HESI LPN
Pediatrics HESI 2023
1. What is an important nursing responsibility when a dysrhythmia is suspected?
- A. order an immediate electrocardiogram
- B. count the radial pulse every 1 minute for five times
- C. count the apical pulse for 1 full minute, and compare the rate with the radial pulse rate
- D. have someone else take the radial pulse simultaneously with the apical pulse
Correct answer: C
Rationale: When a dysrhythmia is suspected, an important nursing responsibility is to count the apical pulse for 1 full minute and then compare this rate with the radial pulse rate. This method helps in identifying dysrhythmias as it allows for a direct comparison of the heart's rhythm at two different pulse points. Ordering an immediate electrocardiogram (Choice A) may be necessary but should not be the first step. Counting the radial pulse multiple times (Choice B) is not as accurate as comparing rates directly. Having someone else take the radial pulse simultaneously (Choice D) may introduce errors and inconsistencies in the measurement.
2. During an assessment, a nurse is examining the skin of a child with cellulitis. What would the nurse expect to find?
- A. Red, raised hair follicles
- B. Warmth at skin disruption site
- C. Papules progressing to vesicles
- D. Honey-colored exudate
Correct answer: B
Rationale: The correct answer is B: 'Warmth at skin disruption site.' Cellulitis is characterized by localized warmth at the site of skin disruption, which indicates an infection. Choice A, 'Red, raised hair follicles,' is more typical of folliculitis. Choice C, 'Papules progressing to vesicles,' is suggestive of conditions like herpes simplex virus infections. Choice D, 'Honey-colored exudate,' is associated with impetigo, not cellulitis. When assessing cellulitis, nurses should primarily look for warmth, erythema, edema, and tenderness at the affected site.
3. A healthcare provider is assessing a child with suspected pneumonia. What clinical manifestation is the healthcare provider likely to observe?
- A. Cough
- B. Diarrhea
- C. Rash
- D. Vomiting
Correct answer: A
Rationale: When assessing a child with suspected pneumonia, a healthcare provider is likely to observe a cough as a common clinical manifestation. Pneumonia often presents with symptoms such as cough, fever, difficulty breathing, and chest pain. Choice B, diarrhea, is not typically associated with pneumonia. Choice C, rash, is not a common clinical manifestation of pneumonia. Choice D, vomiting, is also not a typical symptom of pneumonia. Therefore, the correct answer is A: Cough.

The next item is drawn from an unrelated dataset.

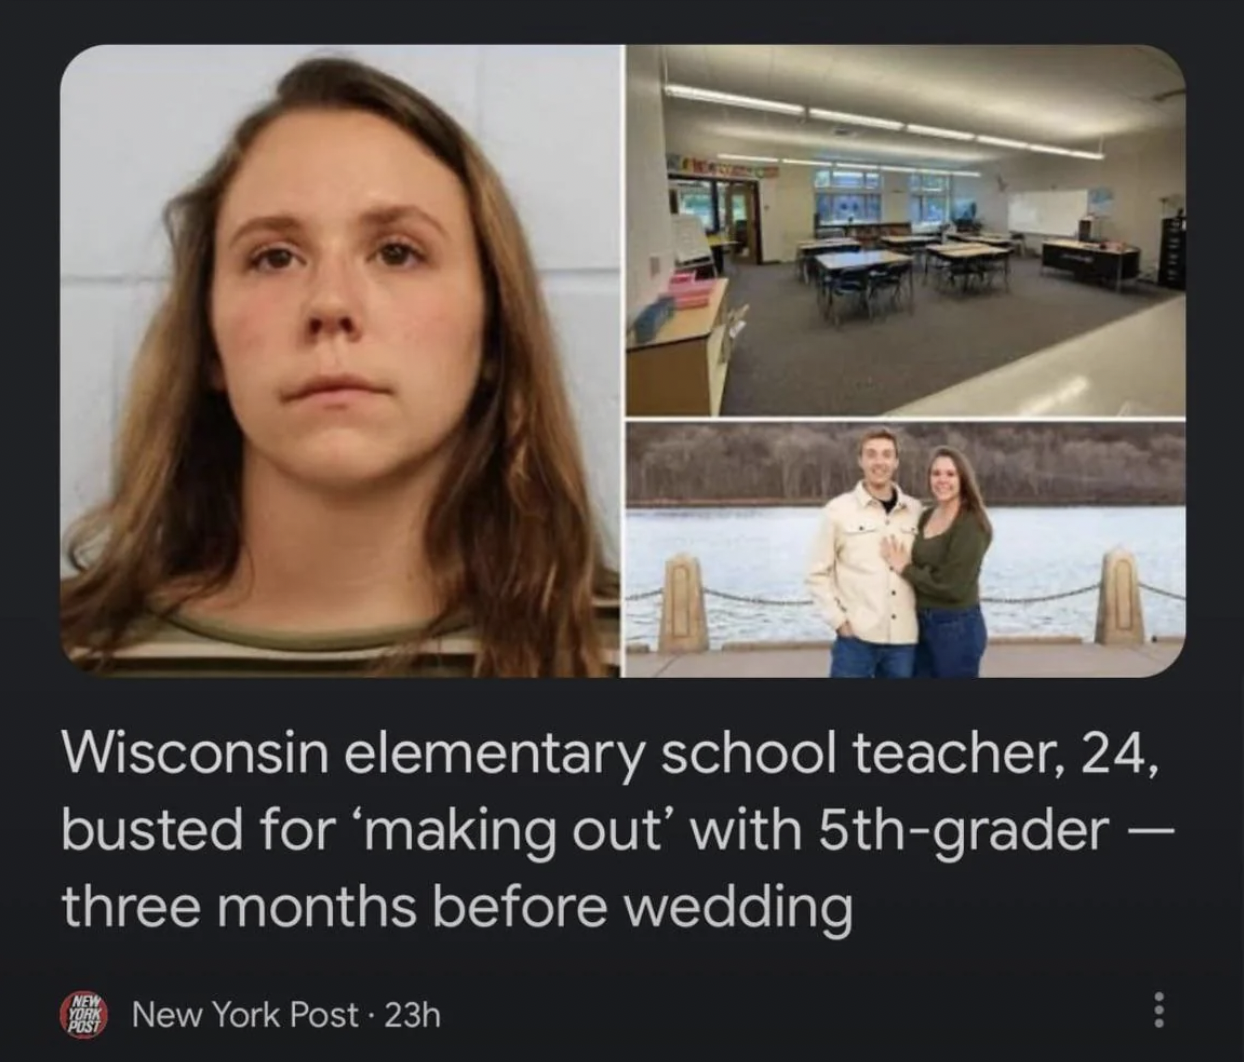 madison bergmann - Wisconsin elementary school teacher, 24, busted for 'making out' with 5thgrader three months before wedding New York Post 23h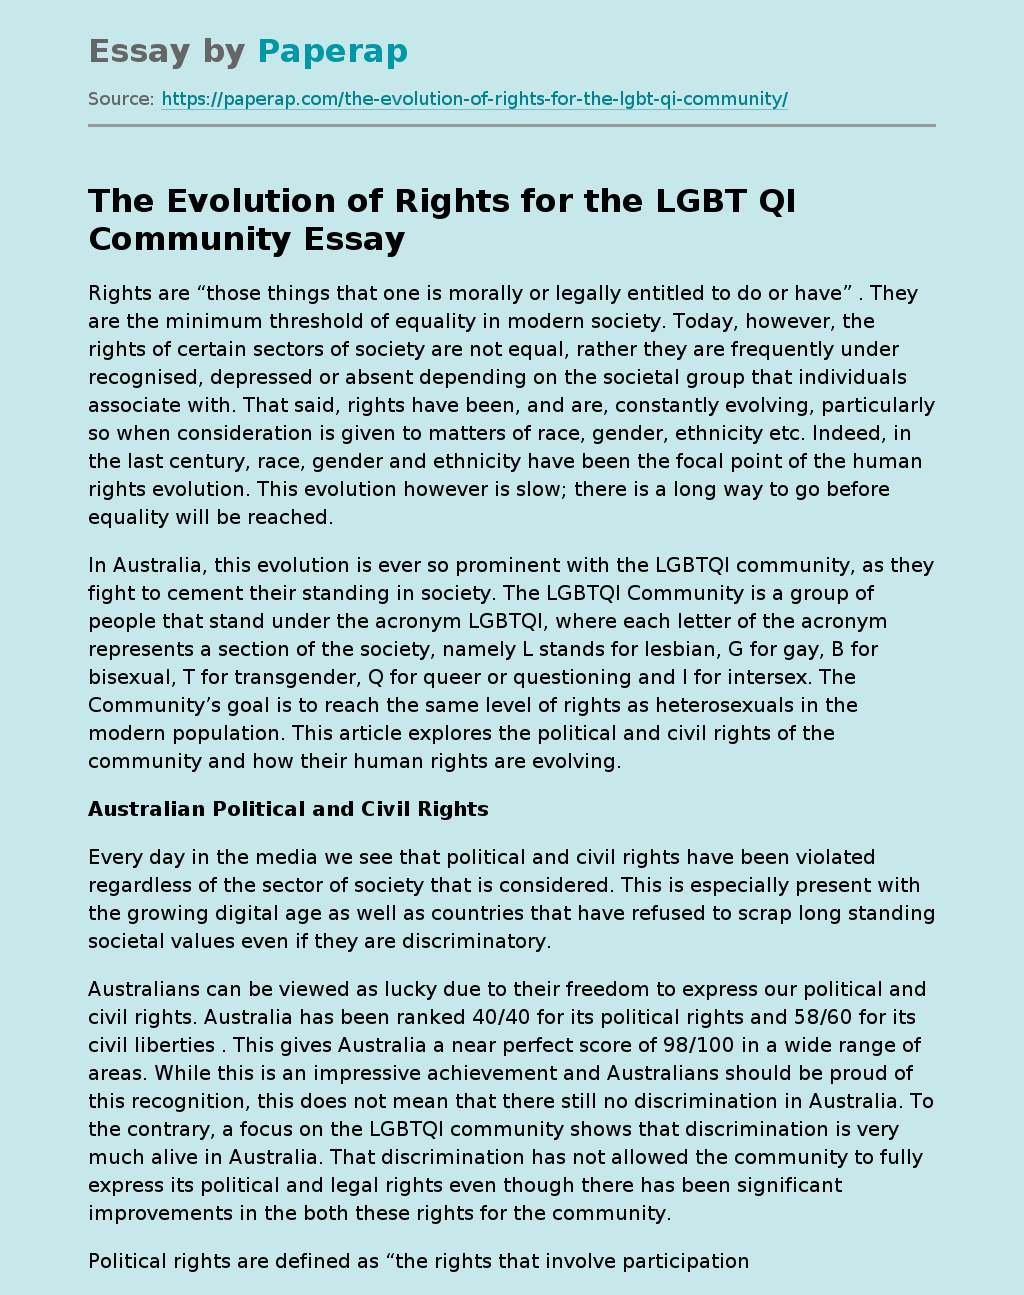 The Evolution of Rights for the LGBT QI Community

4. When assessing a 2-year-old child with abdominal pain and adequate perfusion, general guidelines include
- A. examining the child in the parent's arms
- B. palpating the painful area of the abdomen first
- C. placing the child supine and palpating the abdomen
- D. separating the child from the parent to ensure a reliable examination
Correct answer: A
Rationale: When assessing a 2-year-old child with abdominal pain and adequate perfusion, it is essential to examine the child in the parent's arms. This approach helps reduce anxiety, provide comfort, and establish trust with the child. Palpating the painful area of the abdomen first (Choice B) may cause discomfort and increase anxiety in the child. Placing the child supine and palpating the abdomen (Choice C) without considering the child's comfort and security may lead to resistance and inaccurate assessment. Separating the child from the parent (Choice D) can exacerbate the child's anxiety and hinder the examination process. Therefore, examining the child in the parent's arms is the most appropriate approach in this scenario.
5. Your assessment of a mother in active labor reveals that a limb is protruding from the vagina. Management of this condition should include:
- A. Positioning the mother in a semi-Fowler's position, administering oxygen, and providing transport
- B. Positioning the mother in a head-down position with her hips elevated, administering oxygen, and providing transport
- C. Applying gentle traction to the protruding limb to remove pressure of the fetus from the umbilical cord
- D. Giving the mother 100% oxygen and attempting to manipulate the protruding limb so that delivery can occur
Correct answer: B
Rationale: In a situation where a limb is protruding from the vagina during active labor, the correct management includes positioning the mother in a head-down position with her hips elevated. This position helps relieve pressure on the umbilical cord and improves oxygenation to the fetus. Administering oxygen is important to ensure adequate oxygen supply to both the mother and the baby. Providing transport is necessary for prompt transfer to a medical facility for further management. Applying gentle traction to the protruding limb is not recommended as it can cause harm to the baby and should be avoided. Giving 100% oxygen and attempting to manipulate the protruding limb is not the correct approach and can potentially lead to further complications.